Transcribe each line below verbatim; pictures excluded.

[Data excerpt — start]

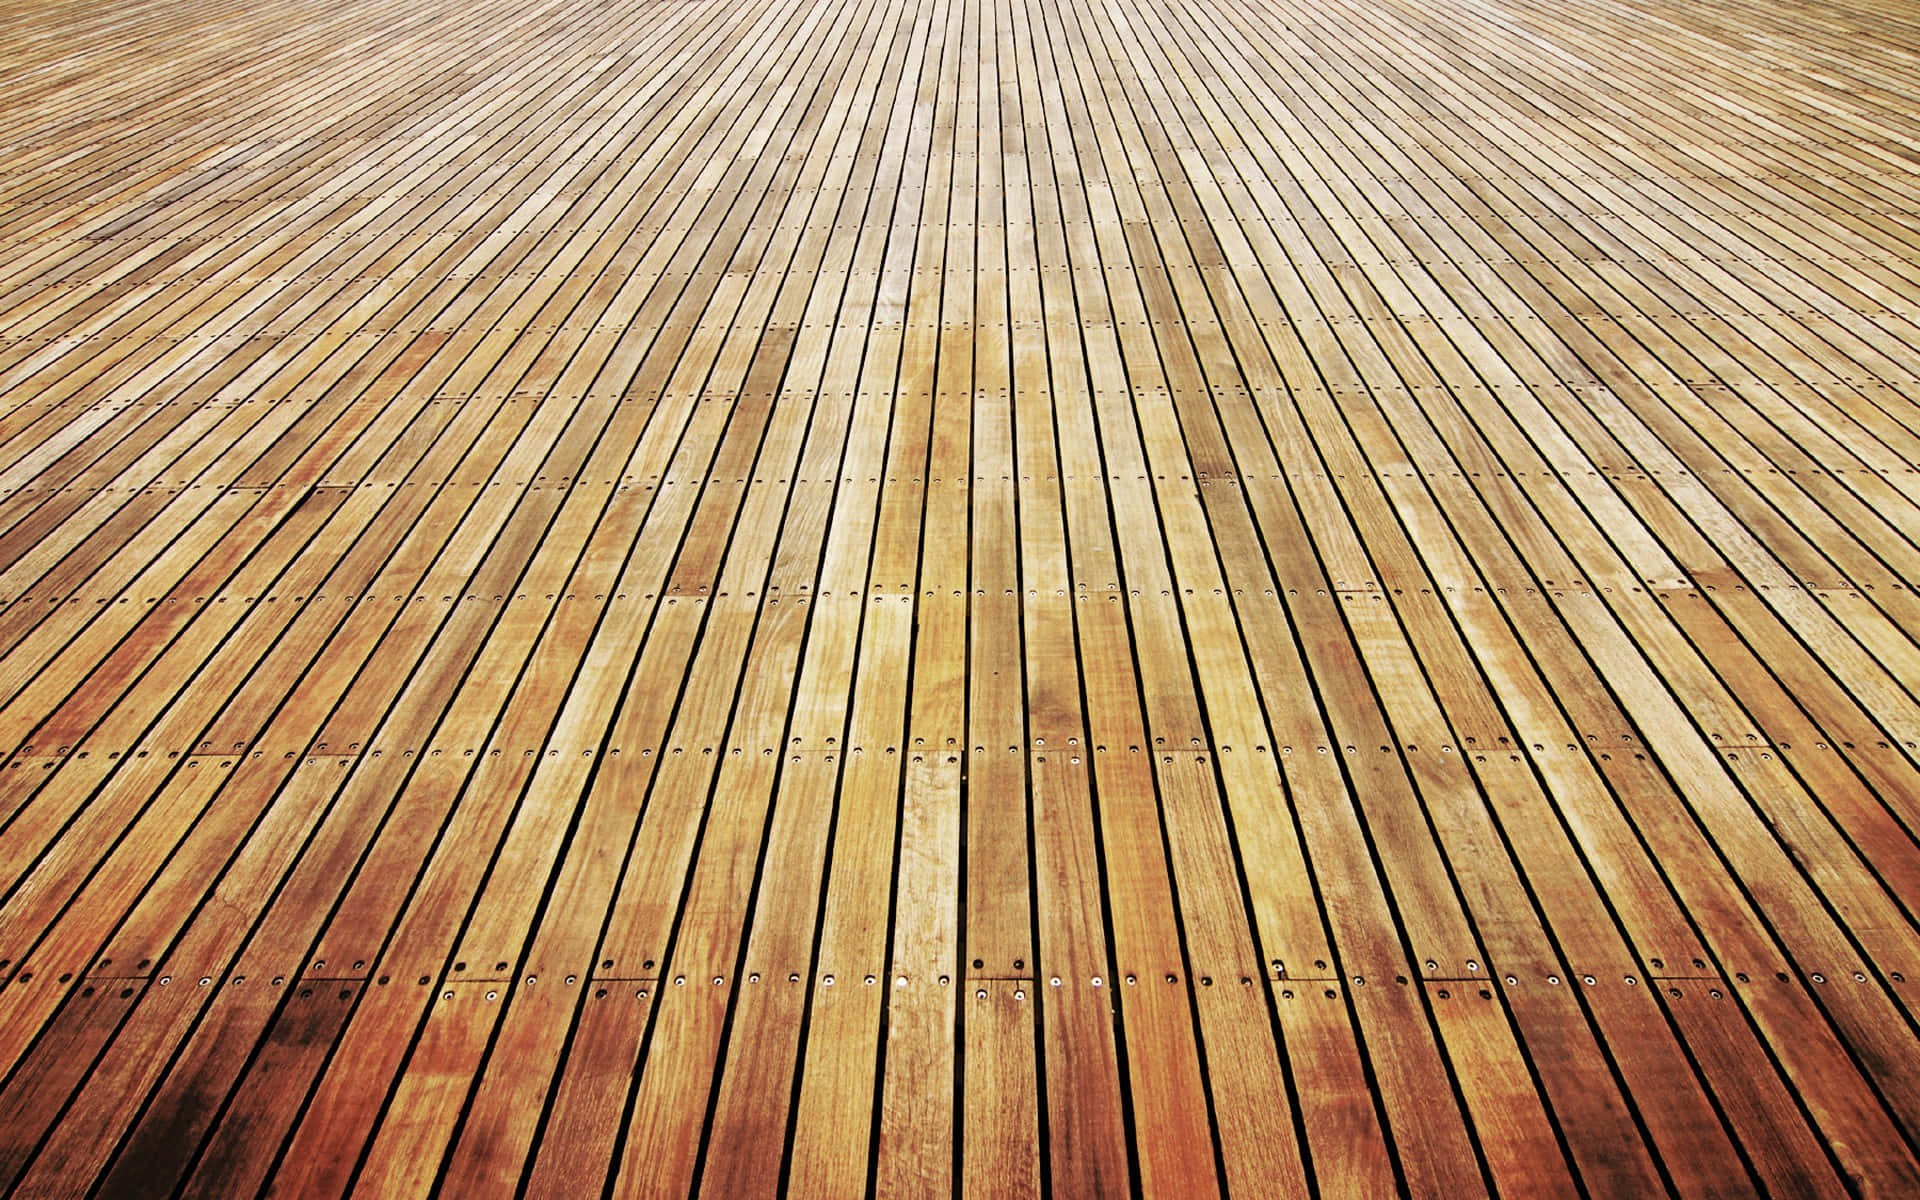 A Wooden Floor With A Wooden Floor
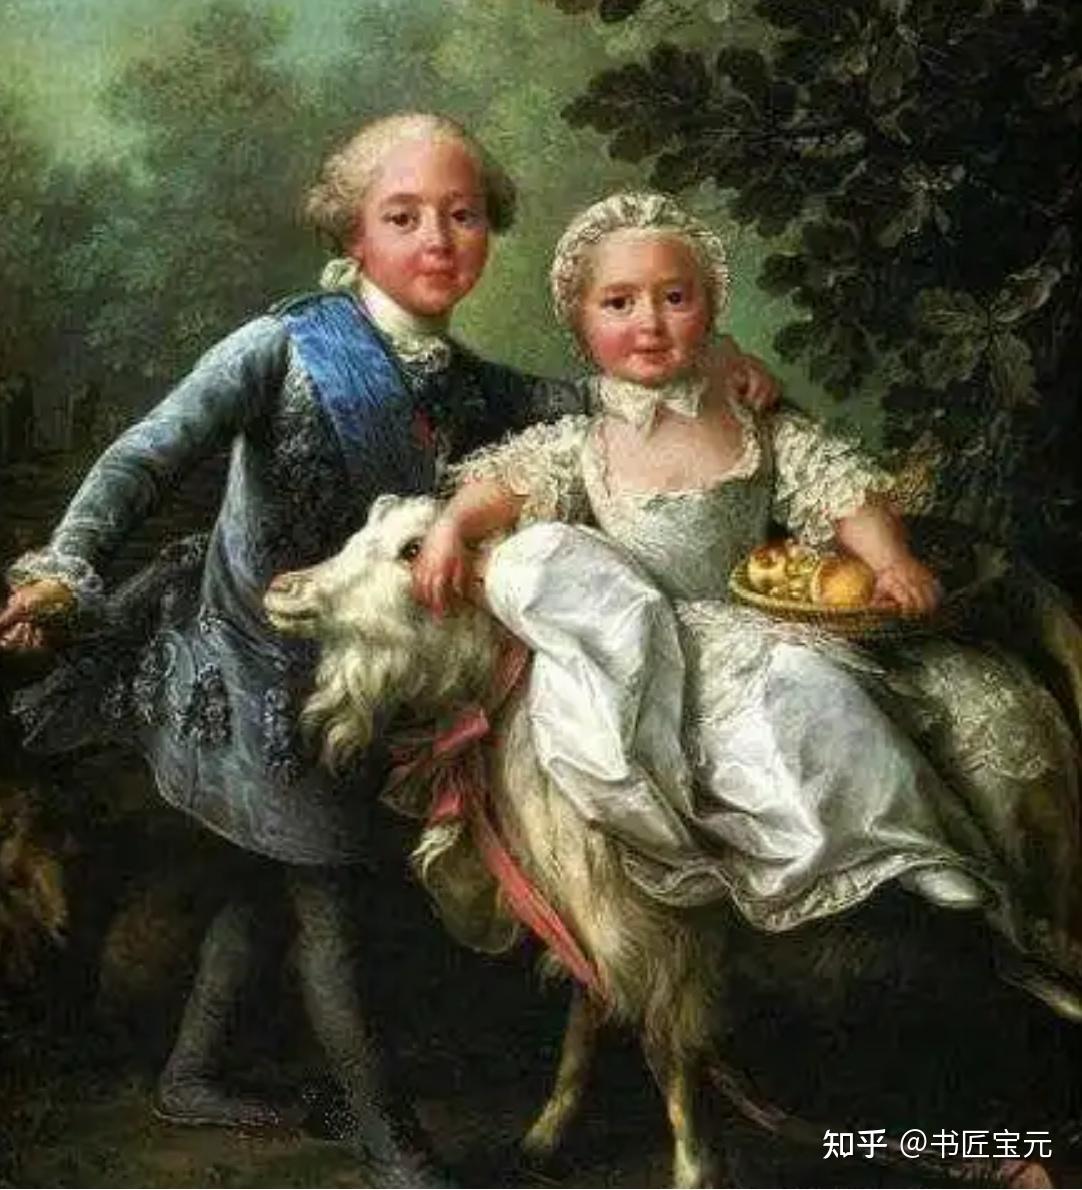 1757~1836),法国波旁王朝复辟后的第二位国王,为喜爱者路易十五之孙
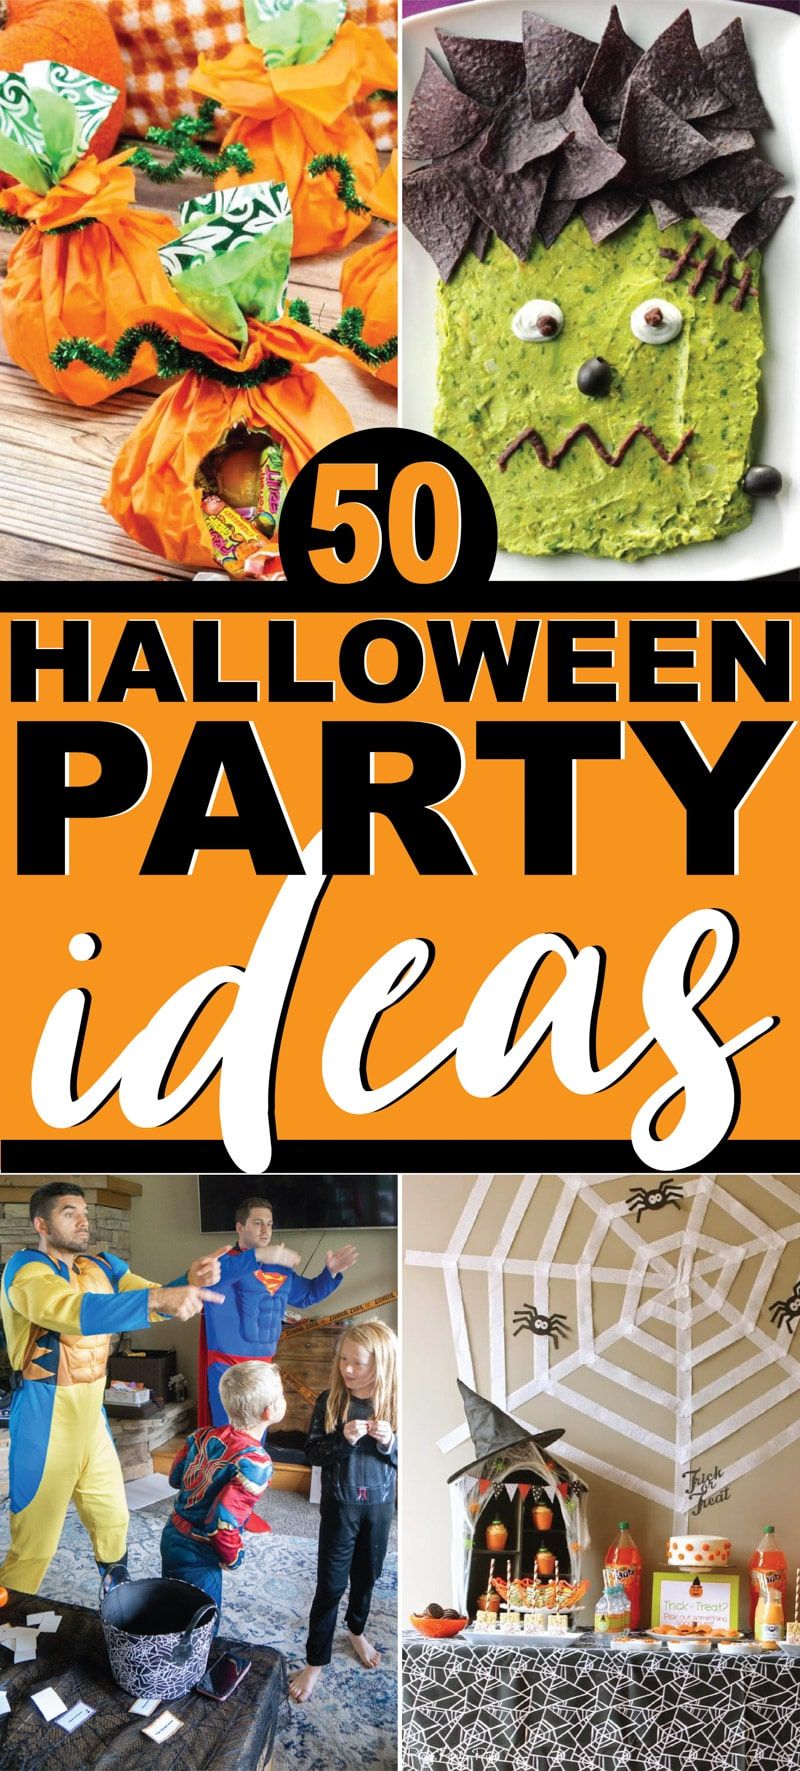 Die beste Sammlung von Halloween-Party-Ideen für alle Altersgruppen - Erwachsene, Kinder und Jugendliche!

[Data excerpt — finish]

▶ _Expected output_:
 A Wooden Floor With A Wooden Floor
 1757~1836),法国波旁王朝复辟后的第二位国王,为喜爱者路易十五之孙
 Die beste Sammlung von Halloween-Party-Ideen für alle Altersgruppen - Erwachsene, Kinder und Jugendliche!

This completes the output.